# Why are "sources" such a secret.



## Blaylock-cl (Apr 28, 2006)

The title says it all.

_Originally posted by Habanolover (7-28-2009)_

For the entire discussion go here and start at post #246:
http://www.cigarforums.net/forums/v...-habanos-beginners-informational-topic-4.html

Lately I have noticed an increase of members inquiring about "sources". This is not a new phenomenon. It has happened before and will happen again. The numbers usually rise as the the numbers of new members rises.

I know sometimes that being the "new guy" on the "outside" can get a little frustrating because I was once in the same position.

The reason for sources being guarded so closely is that there are so many people who carelessly give away sources.

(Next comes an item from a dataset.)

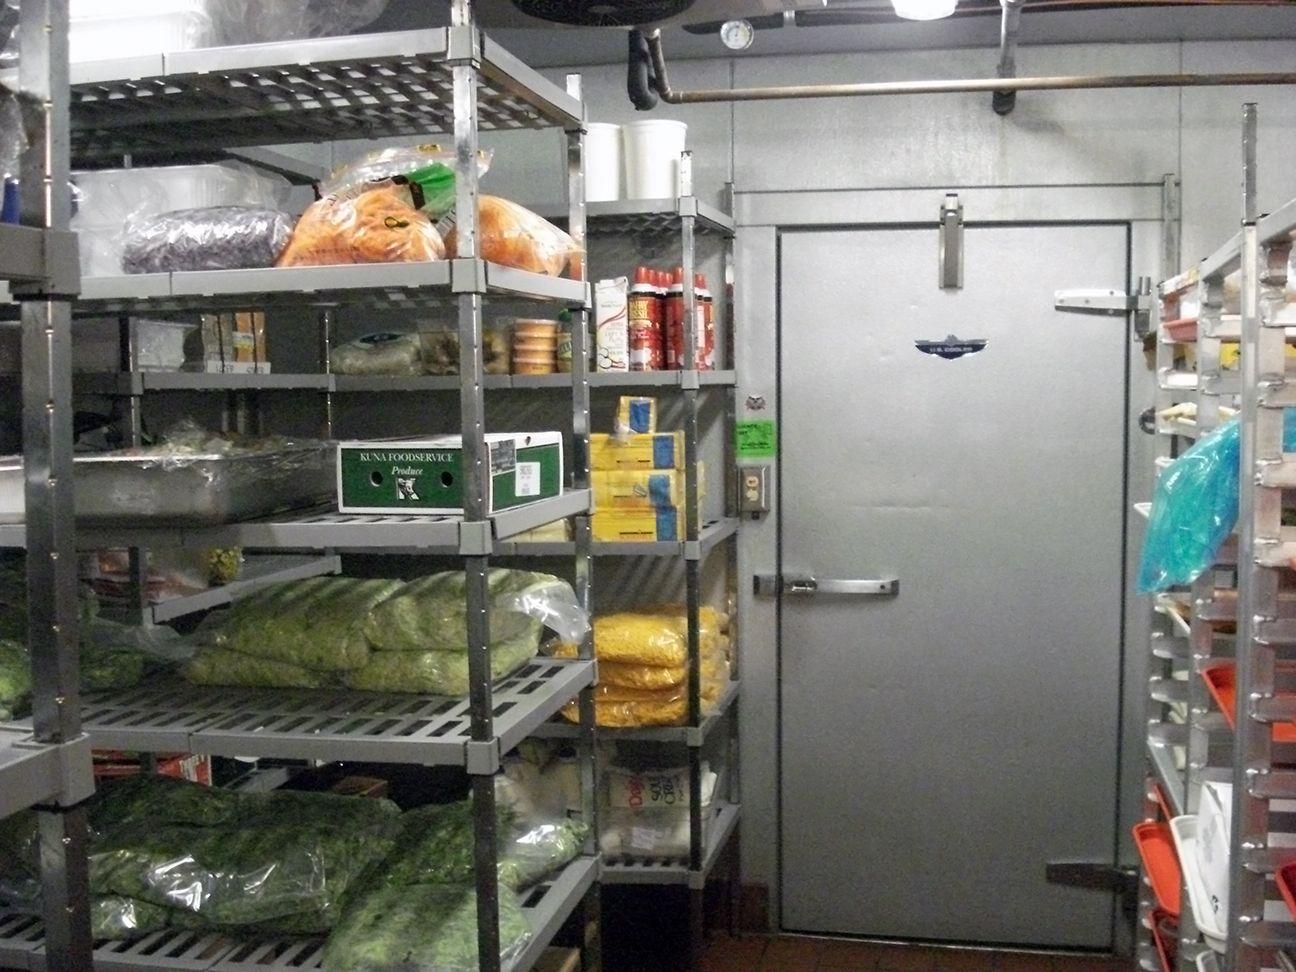 J J Refrigeration Provides Full Service Commercial Refrigeration Design Sales Installation Repair Optimizati Walk In Freezer Refrigerator Kitchen Stocked

When they disclose where and how they break the law, they can and do create extra scrutiny for any mentioned online vendors, as well as their customers from the US . It's happened to vendors before and, of course, has caused pretty serious issues for many of their U.S. customers as well. Mostly because people couldn't keep their source a secret. Just think about what you are asking. You want someone to tell you how they ILLEGALLY acquire something.

We all take risks by buying online but I for one, prefer to keep my risk as minimal as possible.

Also, sources do run out of stock. Say vendor X has 25 boxes of '02 BBF's and I am in love with them. If I have given out this source to multiple people then my chance of the vendor not having them when I want them is increased greatly.

Finally, you would be amazed at what a little research will produce. If you do your homework you can soon be smoking these wonderful cigars.

One of the main questions I hear is, "OK I found a source but how do I know if they are legitimate or not?". Usually if you PM a member who has experience buying online and ask them IF THE SOURCE IS LEGIT, they will be more than happy to answer if they can. Of course it helps if you have formed some kind of relationship with this person. If you are brand new here and seem to only be looking for sources/verification and have not done your own research then chances are you will not be helped at the time.

In short, take the time to get to know the members here by being active and outgoing. You will soon become privy to all the little "secrets"
and to top that off you will make friends with some of the greatest people that you could ever hope to meet.


----------